Background: Remethylation of homocysteine to methionine can occur through either the folate-dependent methionine synthase pathway or the betaine-dependent betaine-homocysteine methyltransferase pathway. The relevance of betaine as a determinant of fasting total homocysteine (tHcy) is not known, nor is it known how the 2 remethylation pathways are interrelated.
Objective: The objectives of the study were to examine the relation between plasma betaine concentration and fasting plasma tHcy concentrations and to assess the effect of folic acid supplementation on betaine concentrations in healthy subjects.
Design: A double-blind randomized trial of 6 incremental daily doses of folic acid (50-800 microg/d) or placebo was carried out in 308 Dutch men and postmenopausal women (aged 50-75 y). Fasted blood concentrations of tHcy, betaine, choline, dimethylglycine, and folate were measured at baseline and after 12 wk of vitamin supplementation.

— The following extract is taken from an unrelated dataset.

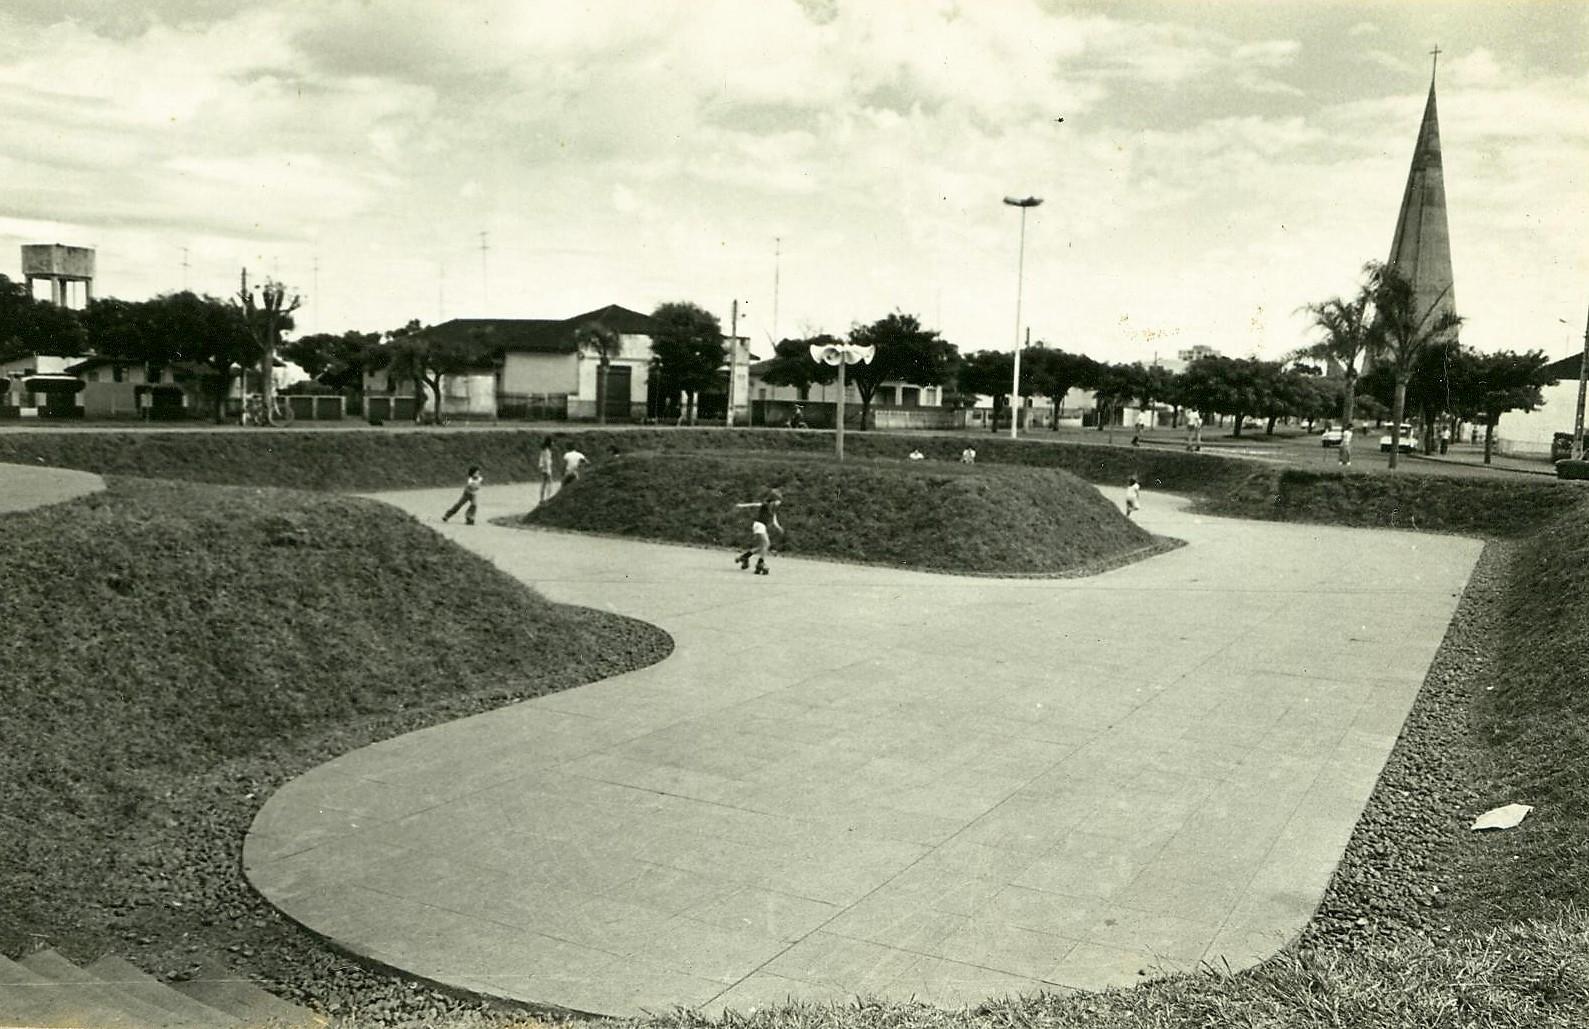 Praça Pedro Álvares Cabral - Início dos anos 1980

Results: Concentrations of tHcy were inversely related to the betaine concentration (r = -0.17, P < 0.01), and the association was independent of age, sex, and serum concentrations of folate, creatinine, and cobalamin. Folic acid supplementation increased betaine concentration in a dose-dependent manner (P for trend = 0.018); the maximum increase (15%) was obtained at daily doses of 400-800 microg/d.
Conclusions: The plasma betaine concentration is a significant determinant of fasting tHcy concentrations in healthy humans. Folic acid supplementation increases the betaine concentration, which indicates that the 2 remethylation pathways are interrelated.